Youtubization of Research: What can video demos do (for robotics)?
(University of Cologne)
Paper short abstract:
Paper long abstract:
Although video demos have become a wide-spread medium in communicating science, they remain curiously under-explored in STS (e.g. Elish 2011). With the rise of video sharing platforms, such as YouTube, researchers may easily disseminate their self-produced clips. For example, in order to excite the audience about the potential of robotics, video demos depict robots performing visible actions. Suchman (2011) argues that video demos do more than representing. They are performative. A one-time performance of an artifact is rendered into an enduring performance.

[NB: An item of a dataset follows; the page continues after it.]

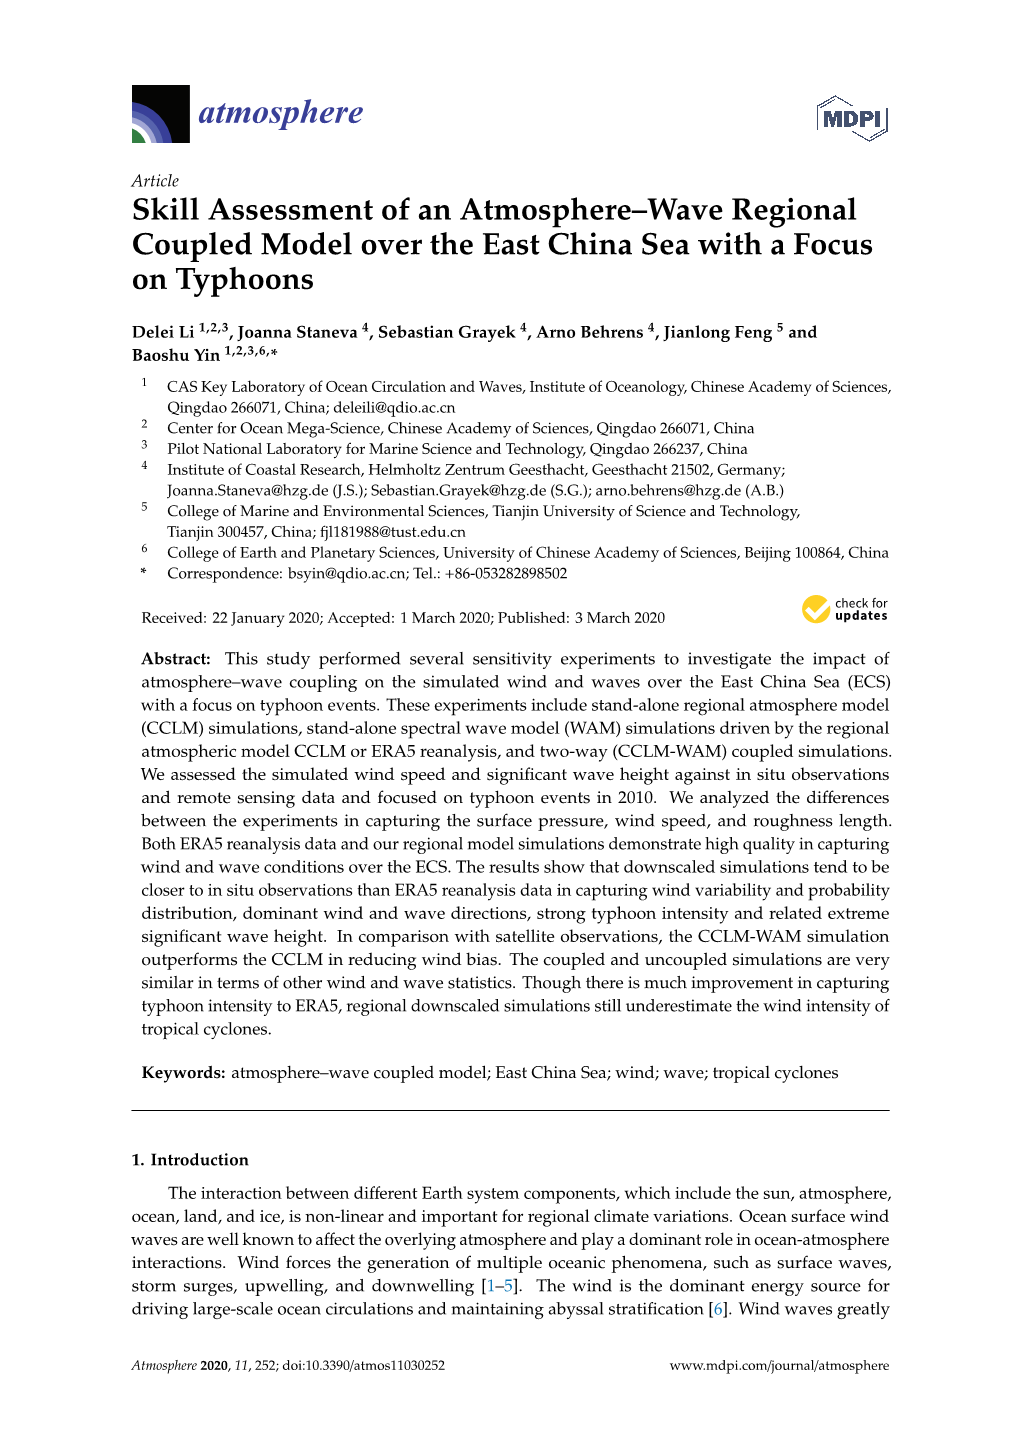 Skill Assessment of an Atmosphere–Wave Regional Coupled Model Over the East China Sea with a Focus on Typhoons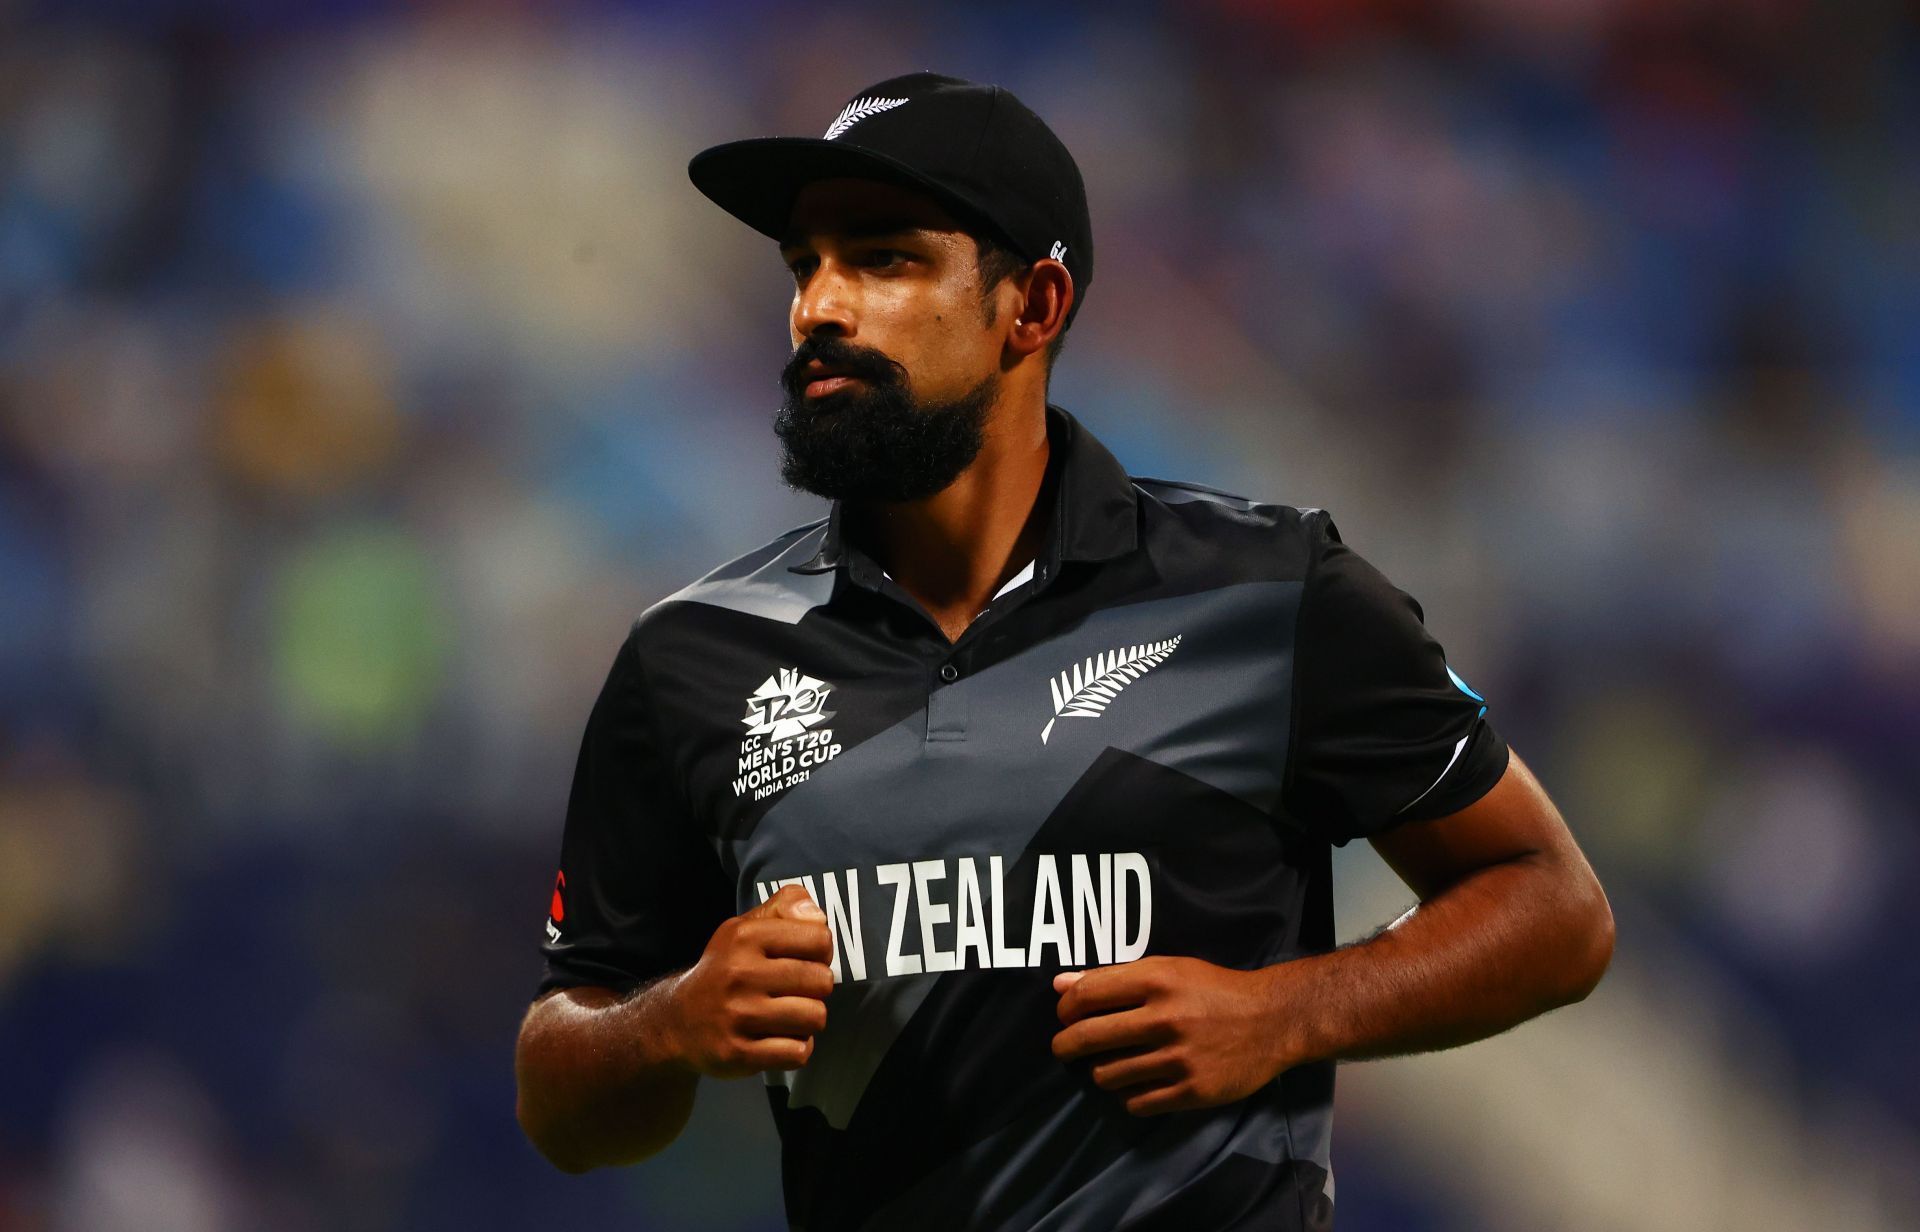 Ish Sodhi is an attacking leg-spinner

These videos imply that what might have only worked once will work anytime. Hence, these videos provide proof of the existence of an advanced technology and of the feasibility of the implicated futures.
During my ongoing field work in self-driving cars research, I was surprised by the pervasiveness of video demos and the researchers' devotion of temporal and financial resources to them. In addition, some of the videos had little to do with what the actors see as part of their research. If the video demos are a solution, what are the researchers trying to tackle? In my contribution to the panel I will explore the role of video demos as a form of 'straight' science communication. My theoretical framework combines concepts from the wider realm of (Post-)ANT with qualitative video analysis (Reichertz & Englert 2011). My argument will be based on preliminary findings from my ethnographic field work.